Episode 10, with guest Anne Edwards, Former White House Director of Press Advance

Anne Edwards is our interview guest this week.
Show produced by Katherine Caperton
Original Air Date: May 14, 2011 on SiriusXM Satellite Radio “POTUS” Channel 124.  Click above to listen

It’s a week in which the mechanics of White House press coverage takes center stage.  A blog post by Reuters photographer Jason Reed revealedwhat many of us who have worked in and out of the White House have known for a long time: that after major televised addresses, usually from the Oval Office, the President would extend his stay in the chair for a few minutes to allow still photographers to capture a facsimile image of the event for publication on the world’s front pages.

The Washington Post published a comprehensive review of the imbroglio in its May 13 edition.

The difference between the reenactment on the evening of Osama bin Laden’s death and the previous ones to which I was a party during the Clinton years is that this one was staged in the Cross Hall and the East Room of the White House rather than the Oval Office.  There’s no difference, really, except that the East Room reenactment involved significantly enhance theatrics of the “walk out” from the Blue Room to the lectern on the West side of the East Room.  As Jason Reed wrote, “once Obama was off the air, we were escorted in front of that teleprompter and the President then re-enacted the walk-out and first 30 seconds of the statement for us.”

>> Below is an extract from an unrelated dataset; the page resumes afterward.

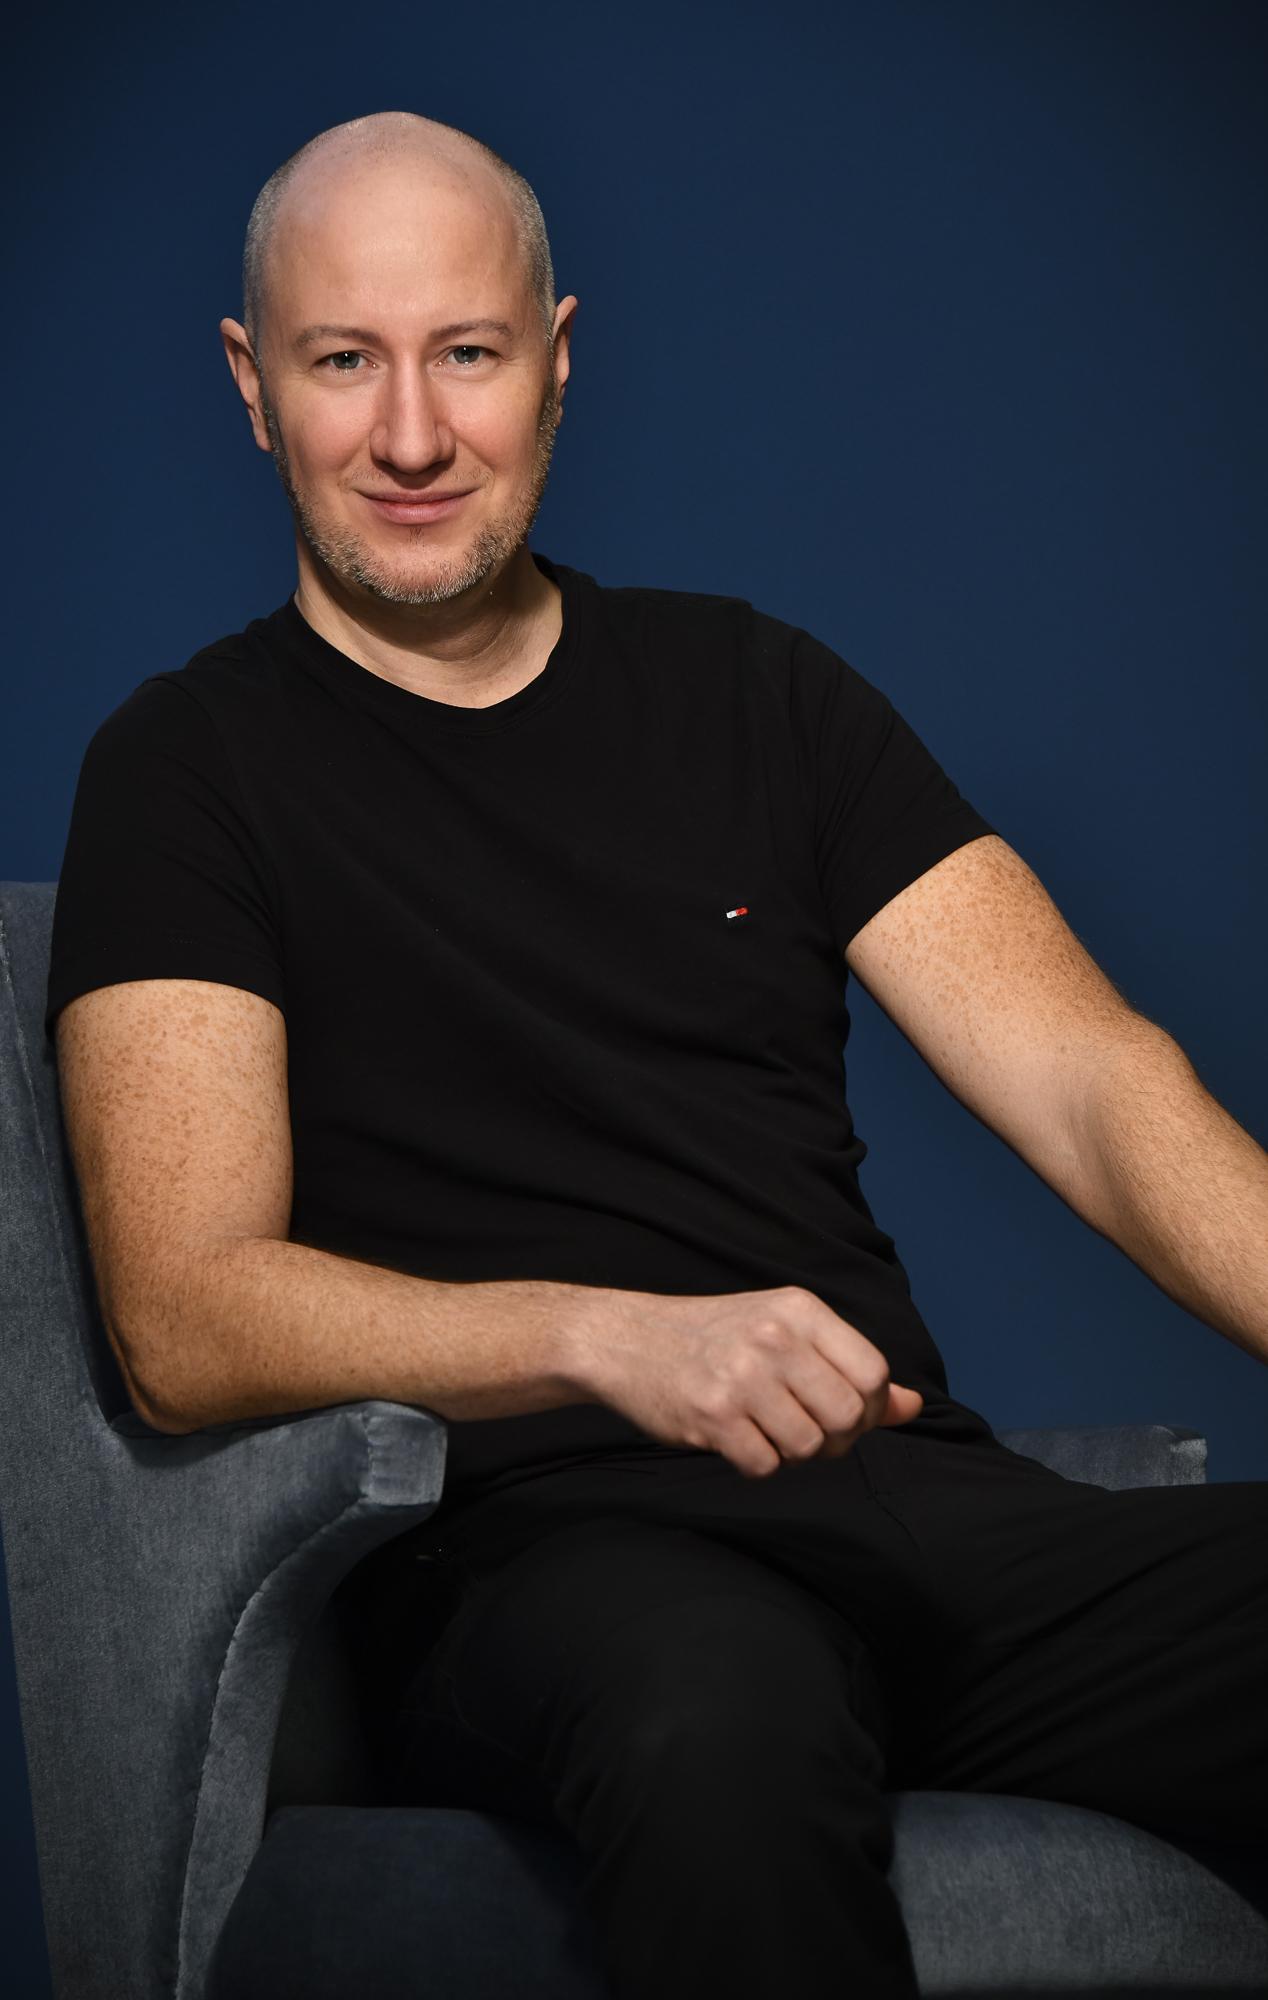 Ondřej Koplík

Whether in the Oval Office or the East Room, there are logical and practical reasons for this.  A Presidential Address is, first and foremost, an audio and video production.  It requires complete quiet and no movement, lest the President becomes distracted.  A President ought to have the chance to deliver his speech without a gang moving around in his field of peripheral vision.

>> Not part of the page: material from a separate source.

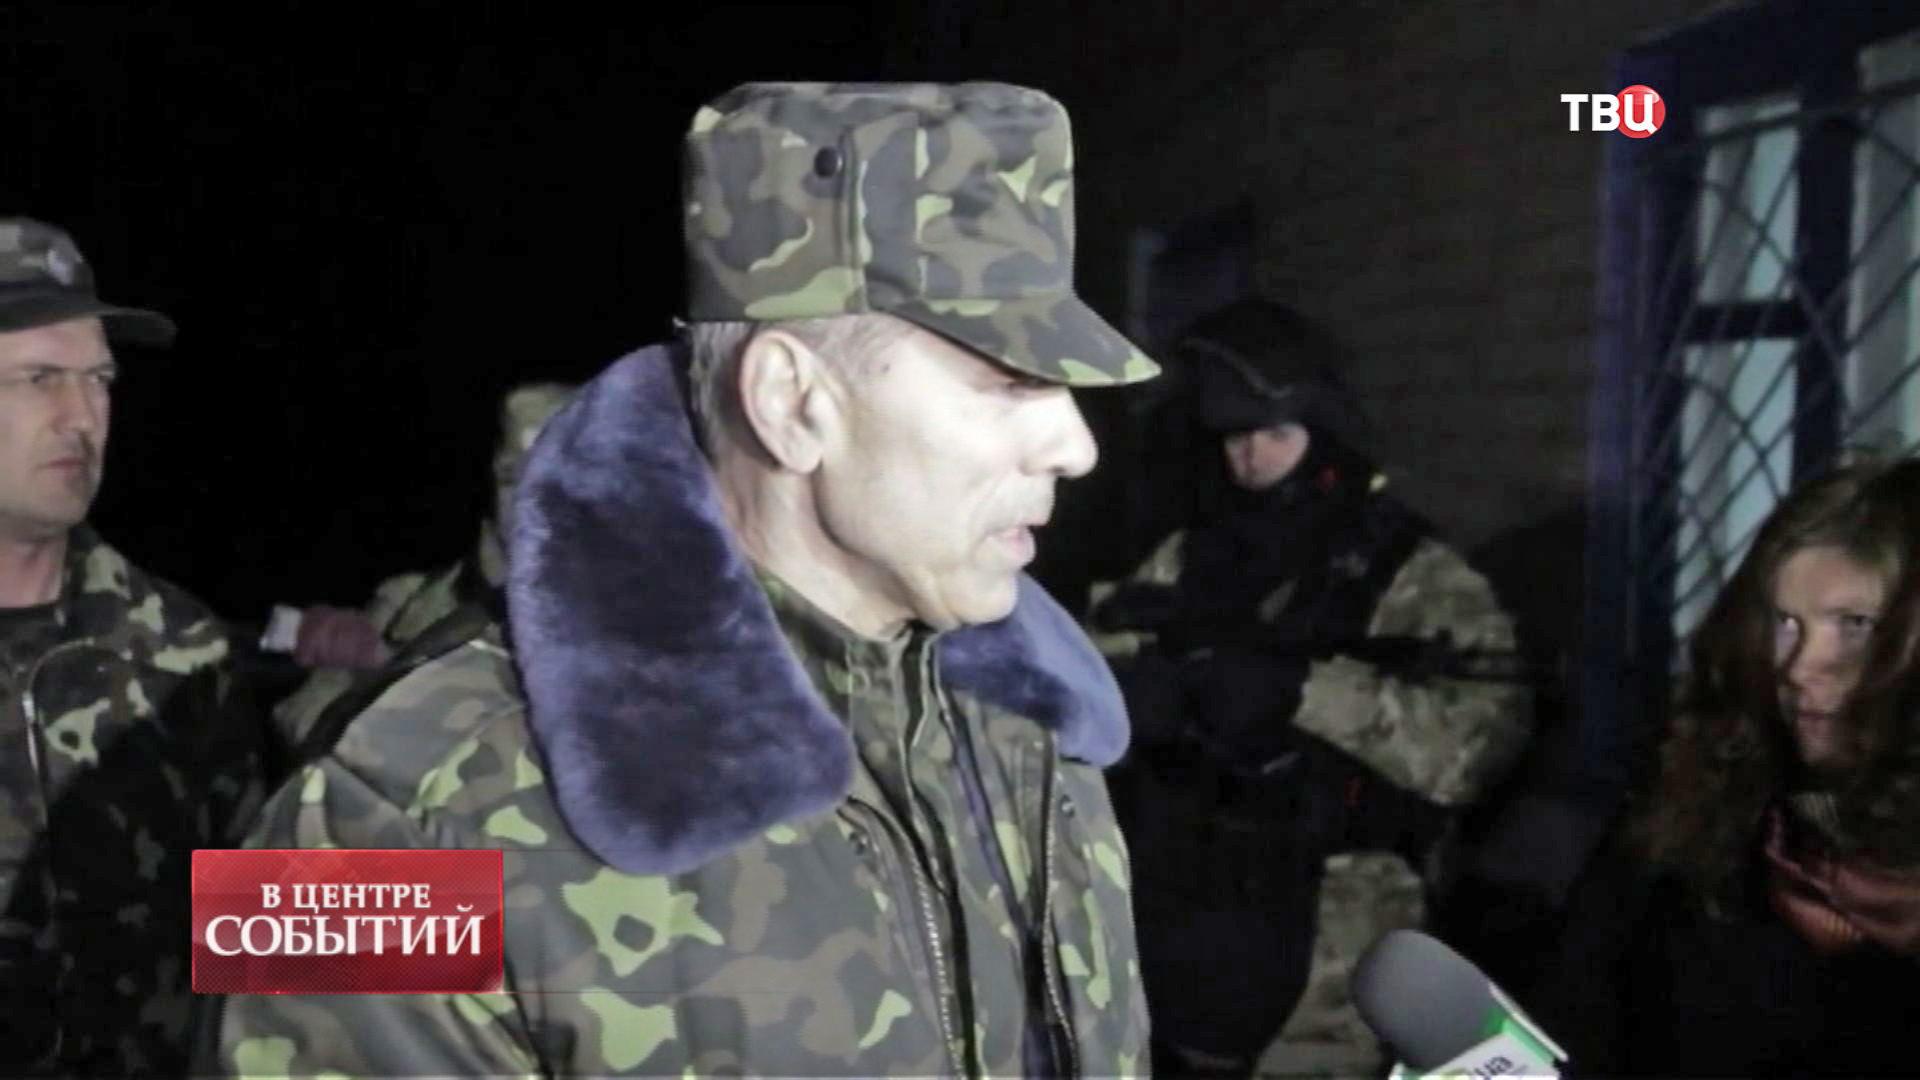 Заместитель главы СБУ Василий Крутов

On the other hand, who is to deny that photojournalists — that genuintely integral fulcrum of newsgathering — ought to have a chance to capture what passes for “news” at the White House, even if that news is a man reading a script into a lens?

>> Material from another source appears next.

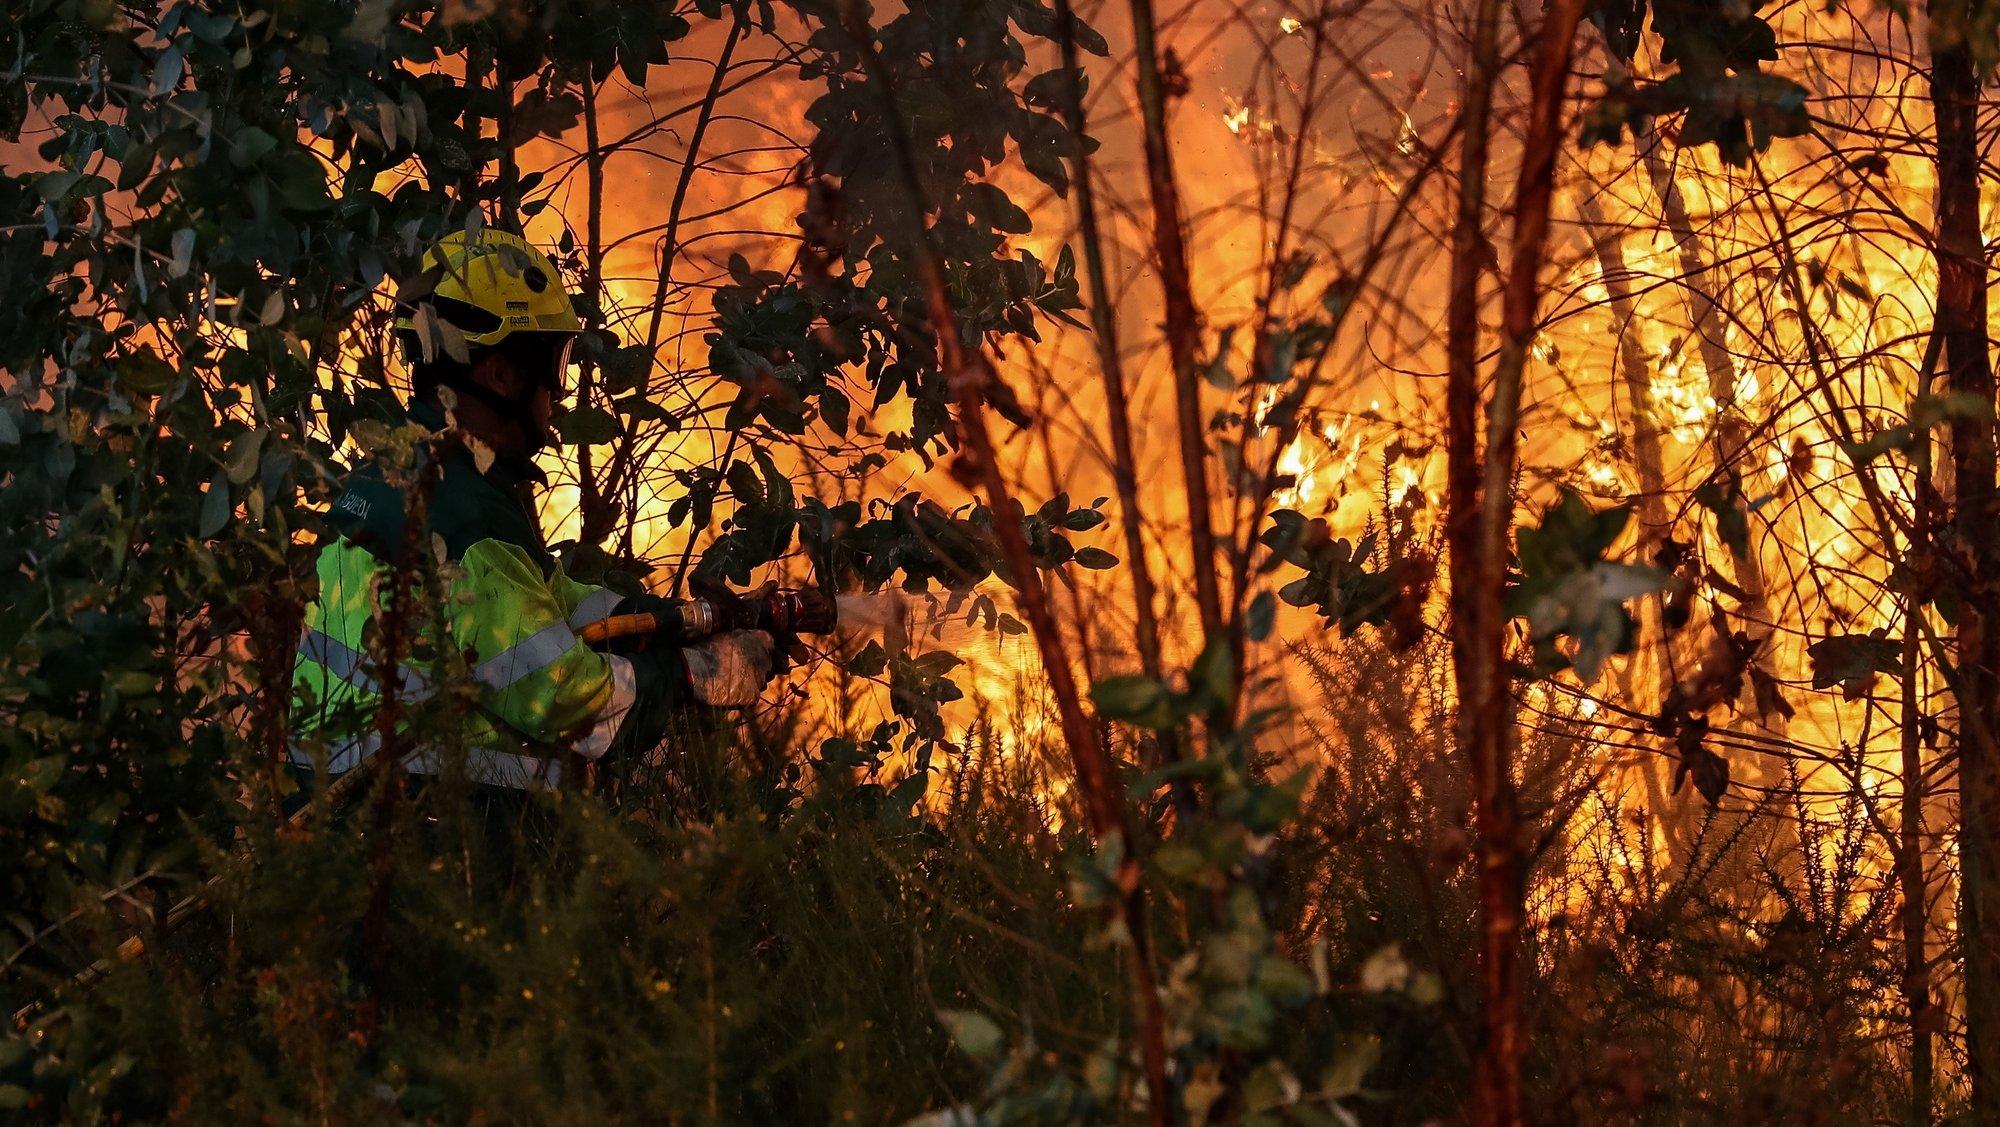 Um bombeiro durante o combate ao incêndio florestal em Veiga, Águeda, 5 de setembro de 2019. No início da tarde combatiam as chamas em Águeda 52 operacionais com 15 viaturas, bem como cinco meios aéreos. PAULO NOVAIS/LUSA

So the compromise was always that, when the tally light went off, the photographers were escorted in for a minute or so to snap an image of the President holding his script, looking straight ahead.  It wasn’t Pulitzer-winning stuff, not by a long shot, but they could maintain that they covered the news just like the networks and newspaper reporters did.  And the images they gathered were much better than the “screen grabs” that were taken from freeze-frames of the video feed.  Invariably, the photos would show up on the front pages of the world’s papers and, quite often, photo editors or caption writers would fudge on their verisimilitude.

And let’s be honest: would the reader at home really know the difference?  Would they read the caption closely enough to make a distinction when the caption read something like “The President reads his statement to photographers after delivering a televised address to the nation”?

It’s a difficult call, brimming with issues of journalistic ethics, state-controlled communication and, of course, the jobs and livelihoods of people who make a living capturing news through the lens.  With today’s high-definition video and silent, robotic cameras that could be controlled by the likes of Reuters, AP and other newspapers and photo agencies, there’s likely a technology-driven answer to this long-simmering debate.  Now that the photographers have publicly complained and the White House has declared a stop to the prior practice, they better arrive at a solution soon, before the next cut-in to network airtime for “BREAKING NEWS.”

* * *

On this episode of Polioptics for SiriusXM Satellite Radio, Adam Belmar and I get into this debate at full throttle with one of the masters of White House press coverage.  Anne Edwards began on the news coverage side of the business and then shifted over to work on the White House Staff of President Jimmy Carter.  She returned to the White House under President Bill Clinton and served for eight years as director of press advance, turning out the lights at the end of the Administration.  There are few people around today who match Anne for the things they’ve done, and the places they’ve been in the service of helping a President communicate with the world.